Researchers produce documents, not code. The architect researches approaches and produces structured decision documents for technology choices and migration strategies. The claude-architect is a meta-agent - it helps design and review Claude Code extensions themselves (agents, skills, hooks, commands).

Orchestrators coordinate workflows. The architect-reviewer is a supervisor that spawns auditor agents via Task(), consolidates findings, delegates fixes, and re-audits until quality standards are met. The git-agent handles git operations with a 3-tier safety system (read-only/safe-write/destructive). The pr-writer generates structured PR descriptions from git diff analysis.

Quick-edit runs on haiku with a 50-line limit enforced by agent-guard-max-lines.sh. For typo fixes, variable renames, config tweaks. Escalates to sonnet if the task is too complex.

Browser QA uses Chrome integration to navigate running web apps, click elements, fill forms, read console errors, and take screenshots. Requires Chrome integration to be active.

Model routing saves cost. Not every task needs opus. Code review runs on sonnet. Quick edits run on haiku. Security audits run on opus because the consequences of missing something are high. Match the model to the stakes.

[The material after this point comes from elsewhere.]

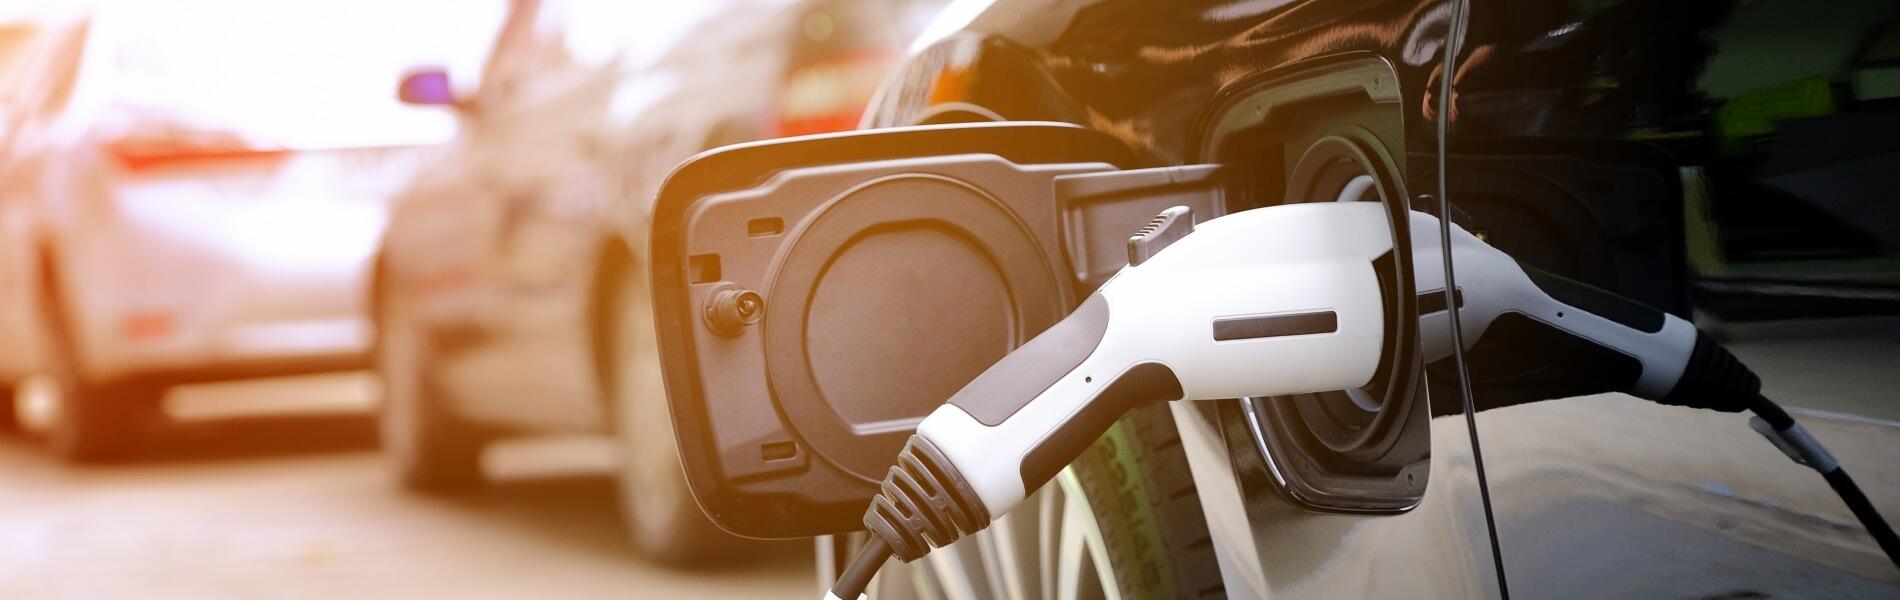 Ladung gesucht: Infrastruktur für E-Autos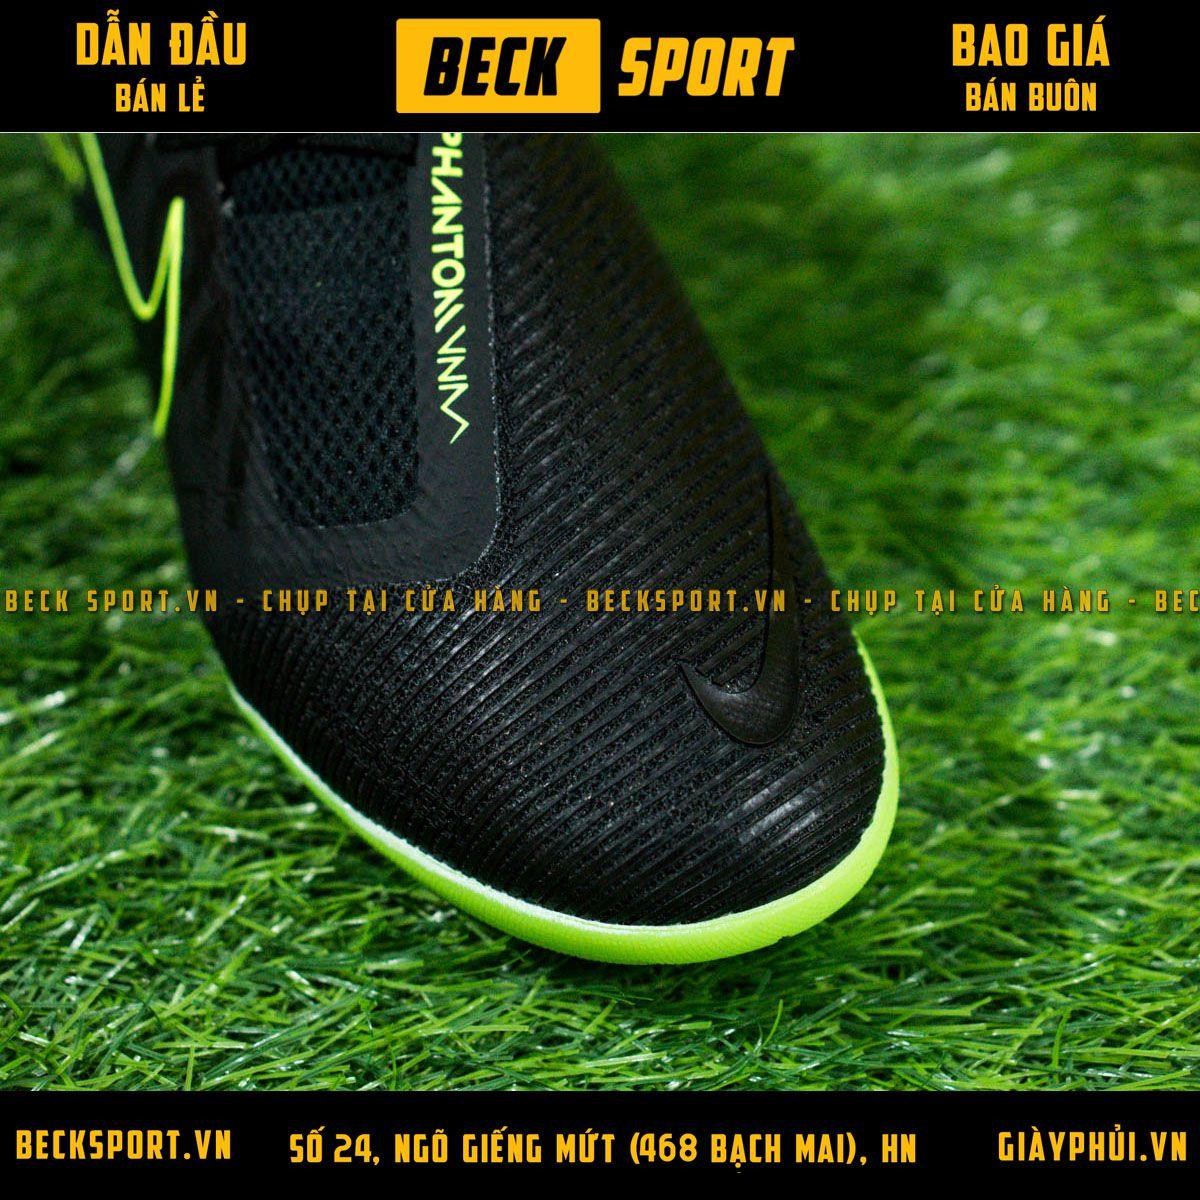 Giày Bóng Đá Nike Zoom Phantom VNM Pro Đen Đế Xanh Lá Giấu Dây IC

When to use an agent vs a skill vs a rule

Rule of thumb: if it’s a style preference or a guardrail, it’s a rule. If it’s a structured procedure, it’s a skill. If it’s a distinct task needing different capabilities, it’s an agent.

What’s in here

Read-only auditors: a11y, api-contract-reviewer, code-reviewer, cleanup, feasibility-check, history-reviewer, migration-reviewer, perf, security, simplify, test-coverage-reviewer, ui-review, wp-perf, wp-reviewer, wp-security

Builders: backend-builder, frontend-builder, seed-generator, test-writer, wp

Research: architect, claude-architect

Orchestrators: architect-reviewer, git-agent, pr-writer

QA: browser-qa-agent

Fast: quick-edit

references/ contains supporting reference docs used by WordPress-specialized agents.